The Indians' David Murphy, left, is congratulated by Nick Swisher after Murphy hit a solo home run. ASSOCIATED PRESS
CLEVELAND — A game that began with a quiet gathering of 13,924 out to enjoy a pleasant spring night — if not the baseball — gave way to a full-throated revival Tuesday at Progressive Field.
Savor the feeling, Cleveland.
The city‘s agonized fans romped through the night as the last-place Indians thumped Tigers ace Justin Verlander, news of the neighboring Cavaliers’ draft lottery win flashed on the oversized video board in left field, and pigs radioed the air traffic control tower.
Finally, not to be outdone, the Indians flouted similar odds in punctuating a 6-2 win.
A day after ending the Tigers’ 11-game road winning streak, Cleveland again erupted to remind baseball’s hottest team — and Verlander — of their mortality.
Only four outs passed, and already Verlander had matched his season highs in hits (eight) and runs (five) allowed. The Indians smacked Verlander for five runs in the first two innings, then watched 23-year-old starter Trevor Bauer earn a measure of redemption as he deftly worked through the league’s top lineup.
A year after staggering in four starts with the Indians, the quirky former first-round pick made the case for a longer stay this season. Called up earlier Tuesday from Triple-A Columbus, Bauer (1-1) held the Tigers to two runs on seven hits over six innings.
“Performing well is always pleasing,” said Bauer, who went 1-2 with a 5.29 ERA last season. “That was the most frustrating part last year. I didn’t feel like I was contributing, so it’s nice to be able to do that.”

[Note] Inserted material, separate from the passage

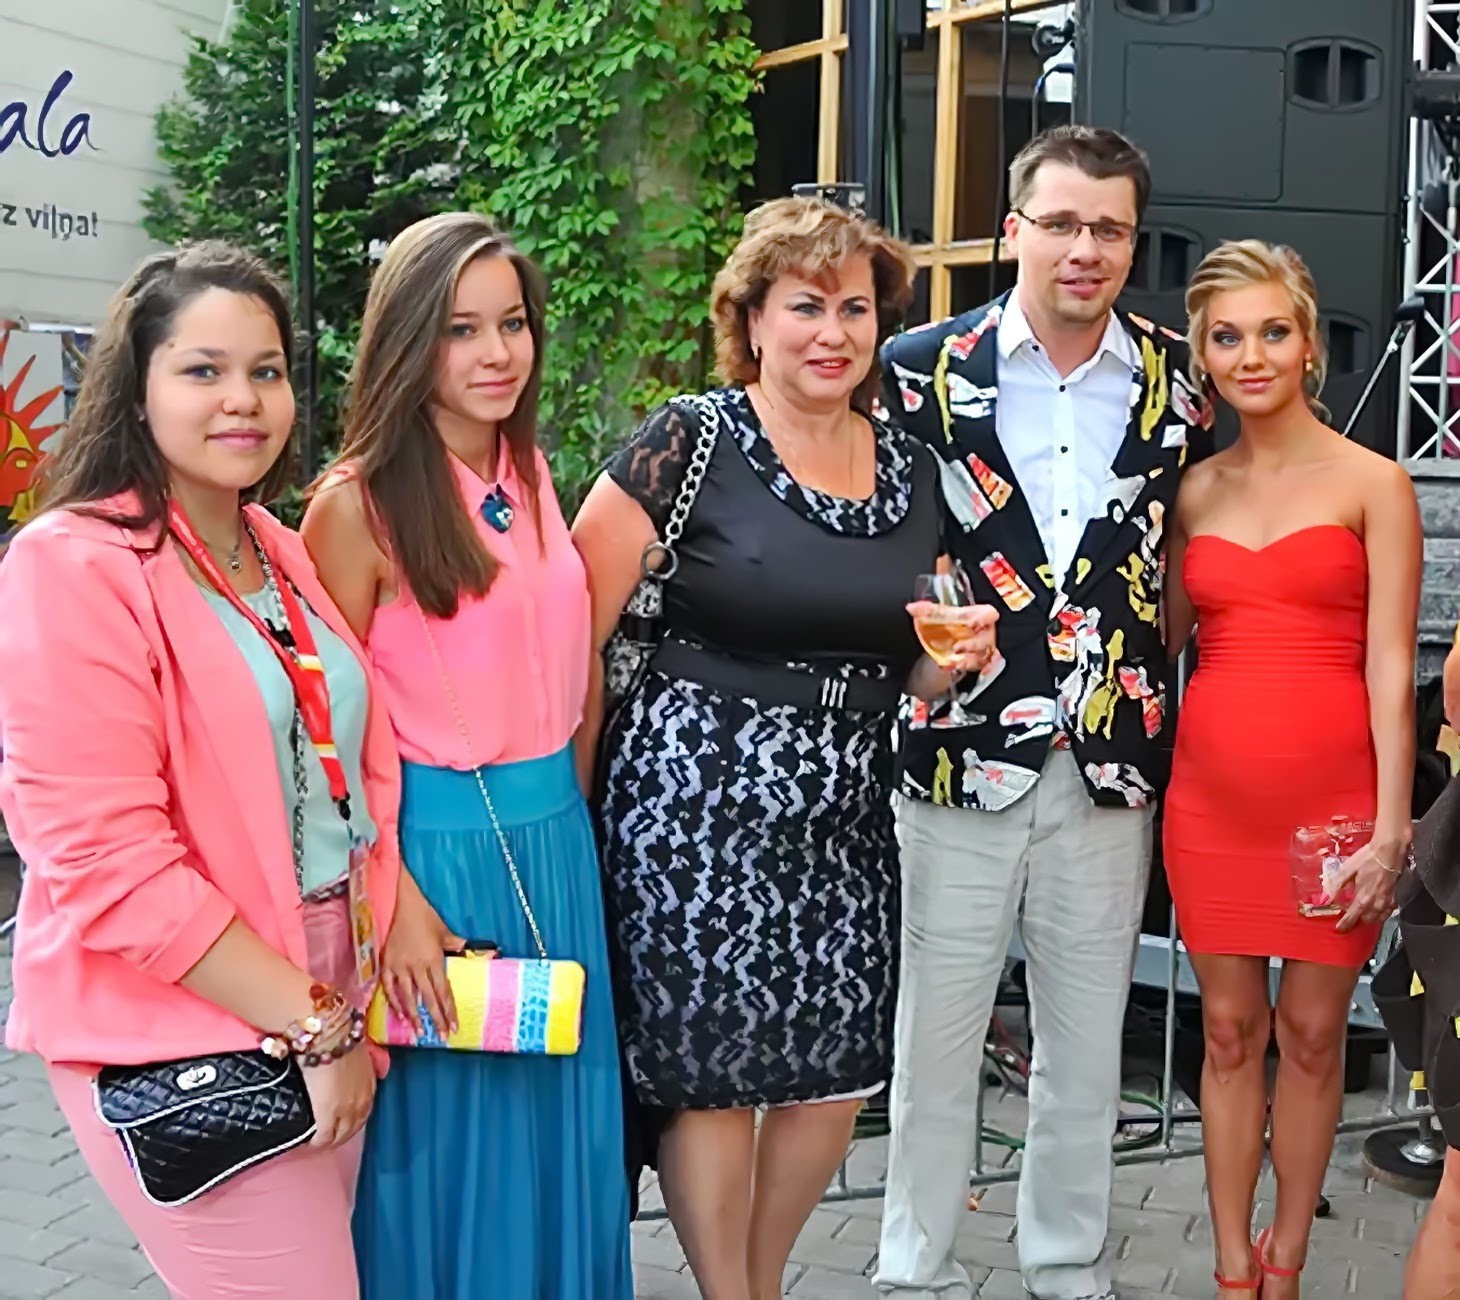 Гарик Харламов показал своих сестер-двойняшек. Подписчики восхищаются их красотой celebrities,актер,звезда,фото,шоубиz,шоубиз

The Indians can sweep the three-game series today.
“We’ve played two very, very good baseball games,” reliever Cody Allen said. “Hopefully this catapults us.”

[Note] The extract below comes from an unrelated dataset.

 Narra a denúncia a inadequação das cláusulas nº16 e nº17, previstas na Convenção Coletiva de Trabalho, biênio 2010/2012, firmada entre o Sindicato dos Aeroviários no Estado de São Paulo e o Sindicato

Verlander (5-3) figured to be the one to temper that enthusiasm. Instead, though he eventually settled and allowed five runs on 11 hit in six innings, the final innings were mere window-dressing. The damage was long done.
With Progressive Field strangely remaining his stadium of horrors — Verlander fell to 9-11 with a 5.29 ERA in Cleveland — he labored early. Nine of the Indians’ first 11 hitters reached base, with the first inning an appetizer for a four-run second. In order, Carlos Santana singled — he was thrown out trying to stretch the hit into a double — Nick Swisher doubled, Yan Gomes walked, Mike Aviles doubled, Michael Bourn doubled, and Asdrubal Cabrera singled. Only back-to-back fly outs that followed likely saved the bullpen from a long night.

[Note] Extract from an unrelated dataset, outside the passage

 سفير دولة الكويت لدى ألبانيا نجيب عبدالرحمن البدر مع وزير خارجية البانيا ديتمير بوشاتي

“Especially with really good pitchers, you have to make him earn everything,” Indians manager Terry Francona said. “We made him work real hard, and we just kind of kept the line moving.”
Bauer, meanwhile, carried over his success from Columbus, where he went 4-1 with a 2.15 ERA in seven starts.
The Tigers attempted to rattle him early. The second batter of the game, Torii Hunter, lasered a 3-1 fastball 445 feet high into the left-center bleachers — the longest home run by a Tigers player this season. But Bauer kept control. In his second start of the season, he time and again worked ahead with a well-located mid-90s fastball. His only other blemish was a solo homer by Alex Avila in the fifth.
“He did a lot of things good,” Francona said. “He competed, he pitched in, he was aggressive and attacking the strike zone. He changed speeds, used all his pitches, he executed his pitches with men on base. That’s not the easiest assignment when you’re coming up from Triple-A to face them. But he did a really good job.”
The Indians are now 8 ½ games back of the first-place Tigers, whose 27-14 mark remains the best record in baseball.